Julius Martin had died in 1968. RoMere later married the widower, Ovando Collman, who died in February, 1979. She had outlived three husbands, but a month later, RoMere Darling, nee Rose Marie Grinnell, died in a Joplin, Missouri, hospital on March 26, 1979, at age 67, after a long battle with cancer. She had no children. Her obituary was carried by the Associated Press.4 She was buried at the Bassett Grove Cemetery in Delaware County, Oklahoma, as RoMere Martin.

» Read about how I made the discoveries, completed the connections, and compiled this biography in Finding RoMere Darling.

Footnotes

  1. RoMere’s extended family genealogy may be found in the Chippewa-Munsee Genealogy database.
  2. “PIC” magazine, IV (10) published by Picpix Inc, New York, NY: 14–15.
  3. Excerpts from the Indian Center of Los Angeles newsletter, Talking Leaf, accessed online from the Helen Dagner forum.
  4. RoMere Darling Martin. “Indian crusader dies in Joplin” (AP). The Morning Sun. Pittsburg, KS. 27 March 1979: 8. Courtesy of the Crawford County Genealogical Society.


4 Comments »

  1. celia kinder said :
    September 9, 2007 at 12:28 pm


    my ex-husband was the step-grandson of romere darling martin..she herself had no children as i recall, but steve lasswell, the step-grandson made his home with them for awhile while he was a small child..this was very interesting reading…i never got to meet her but i think she must have been a remarkable person…steve’s grandfather would have been julius martin whose daughter mary was married to steve’s dad, glenn lasswell.

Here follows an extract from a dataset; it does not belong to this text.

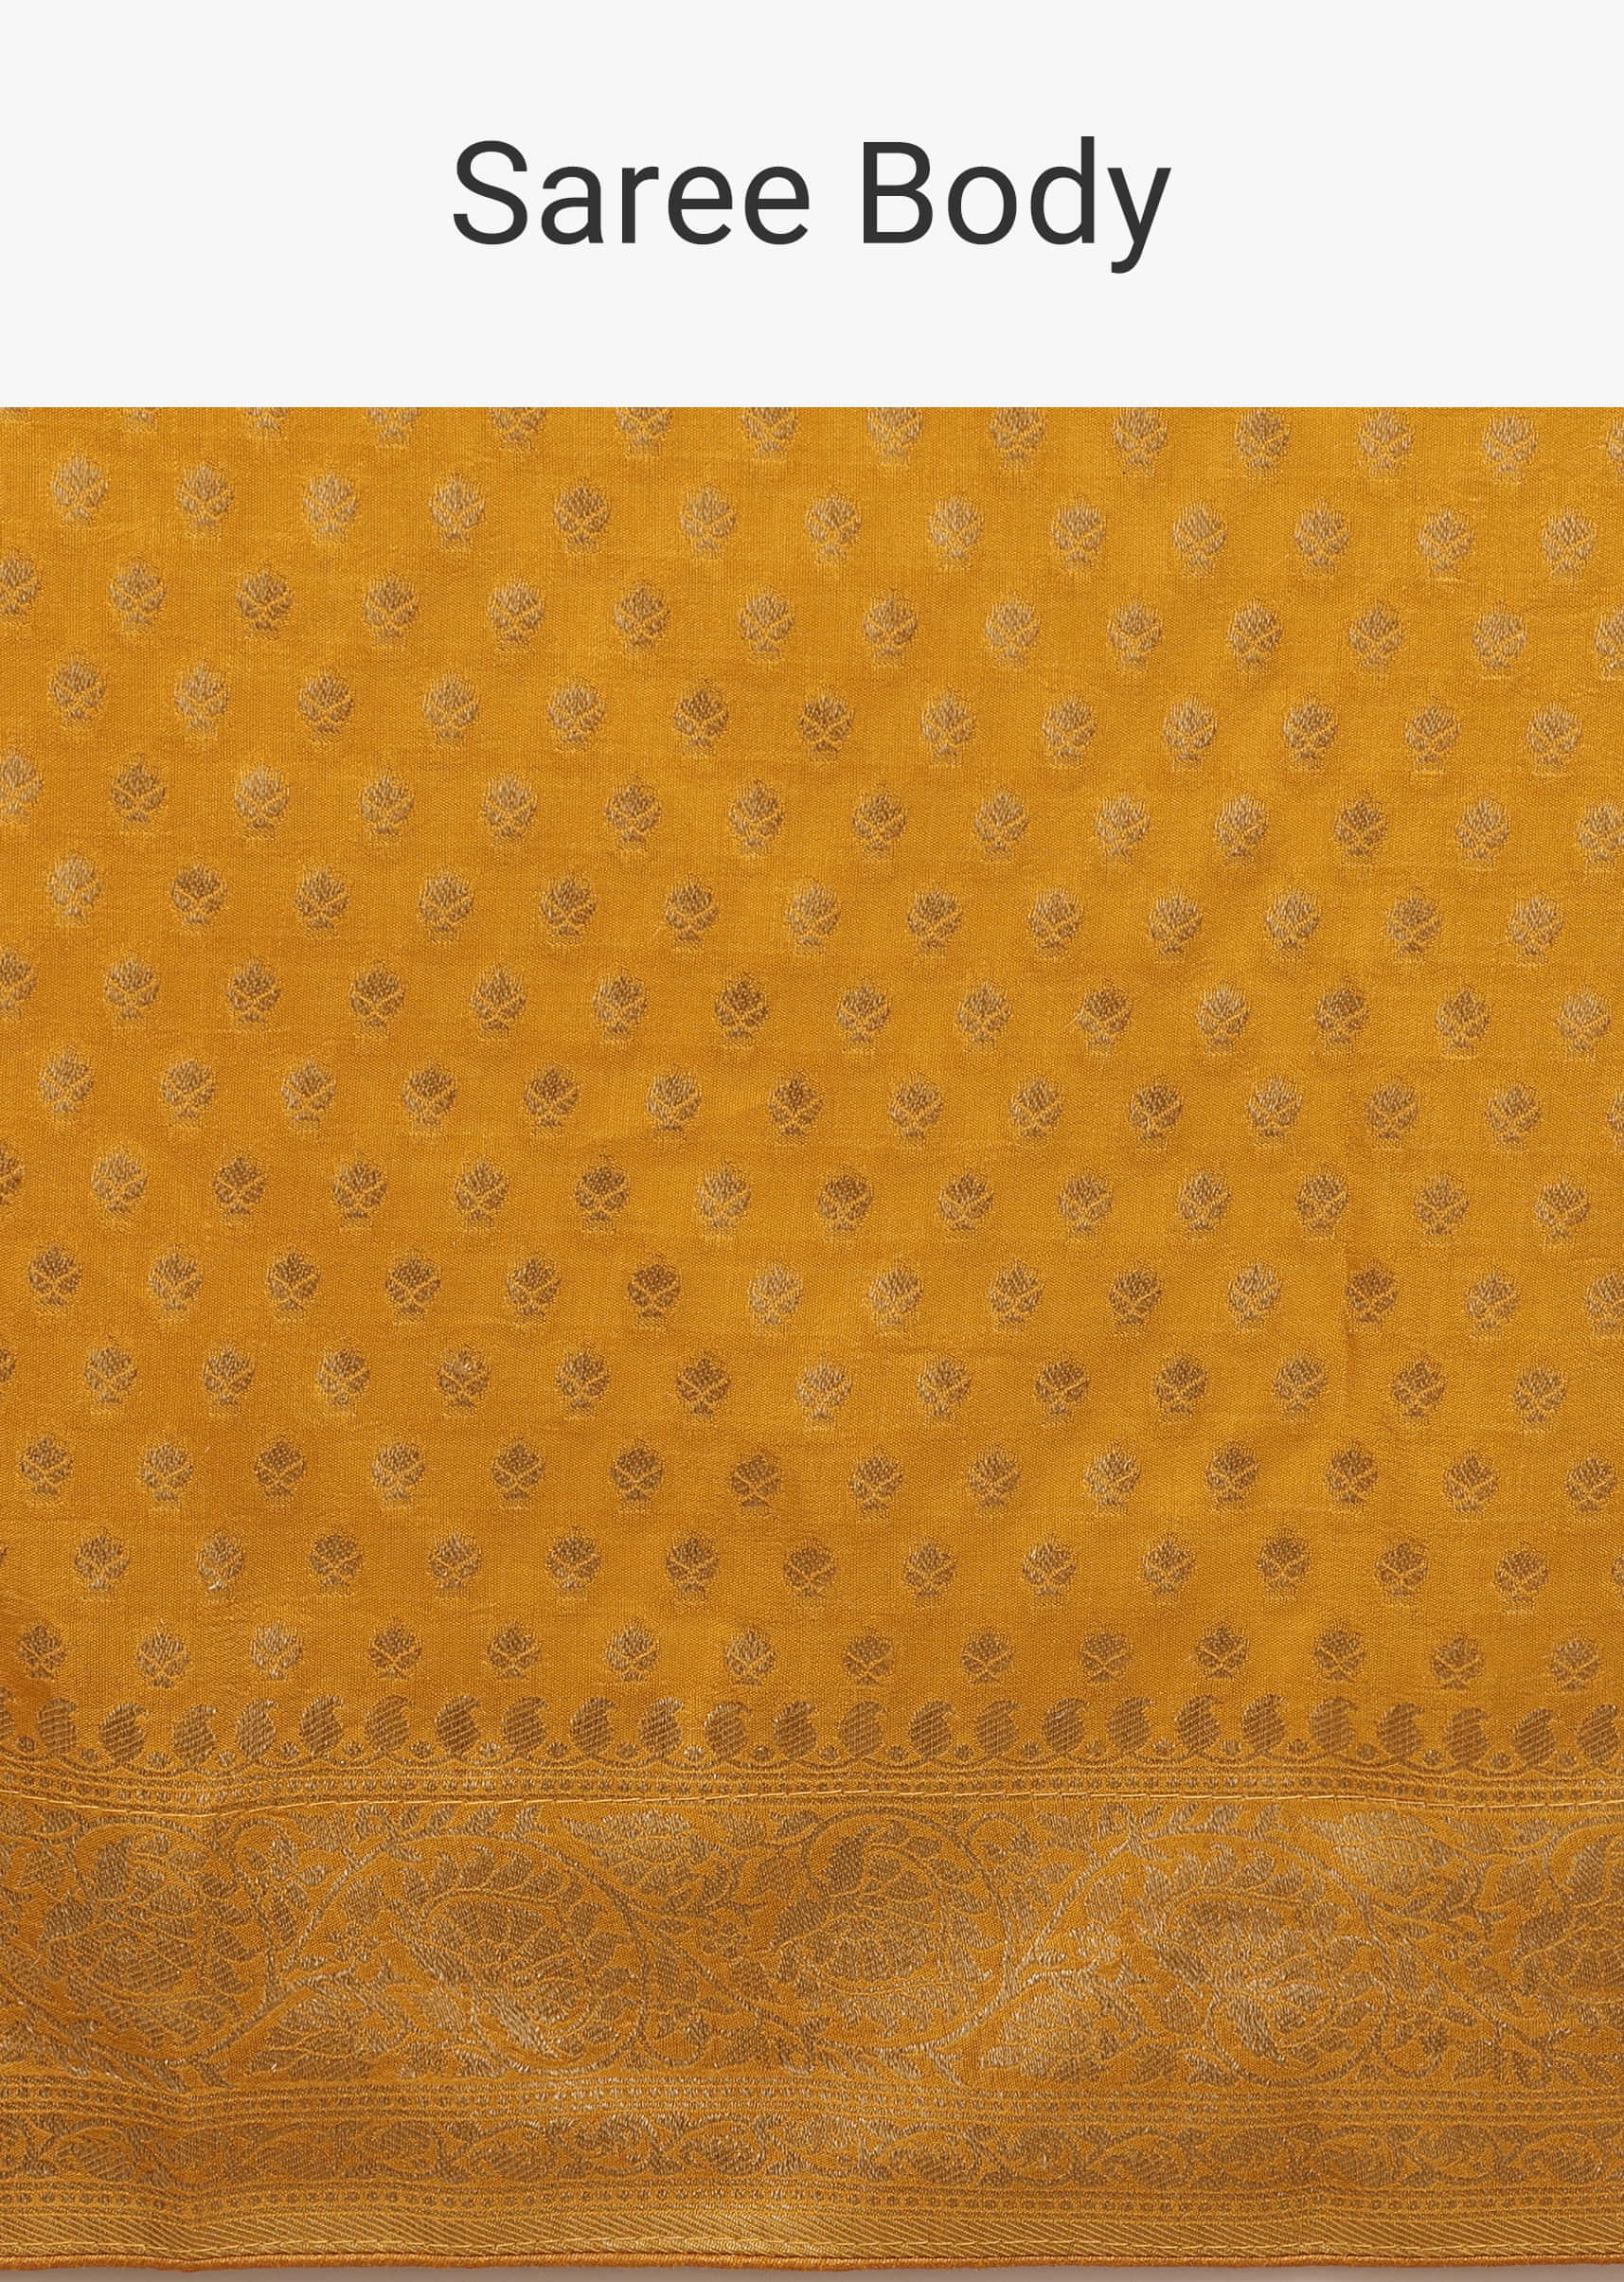 Mustard Yellow Saree In Dola Silk With Woven Buttis And Geometric Moroccan Work On Pallu

  2. sharon daniels said :
    October 15, 2007 at 12:29 pm


    My mother was Lundin, my grandmother Maude, My great grandmother Mary Grinnell, my great uncles Ona & Frank. Ona Grinnell’s daughter Little Rosie.. “Romere”.

  3. cheryl said :
    August 24, 2008 at 10:19 am


    Hello, I am looking for more information about the TurkeyFord Dance Group. My dad (Homer Snell) was a member and attended the trip they made to New York to be on the Ted Mack Amature hour telivision show. It would mean a great deal to me if you could help. I would like to find this to have something for his grandchildren. My grandparents taught at chillocco after leaving TurkeyFord. John Snell and his wife Easter (Bomberry) Snell. My grandmother was and still is on her journey as a Faithkeeper with the Seneca-Cayuga Nation in OKlahoma. Thank you Cheryl (Snell) Ellius

  4. BrokenClaw said :
    August 24, 2008 at 10:38 am


    I do not have any further information about Turkey Ford Dance. I came across it while researching RoMere Darling. As I’m sure you’ve already done, I couldn’t find anything about it online. Perhaps if someone else sees your inquiry, they will write here as well.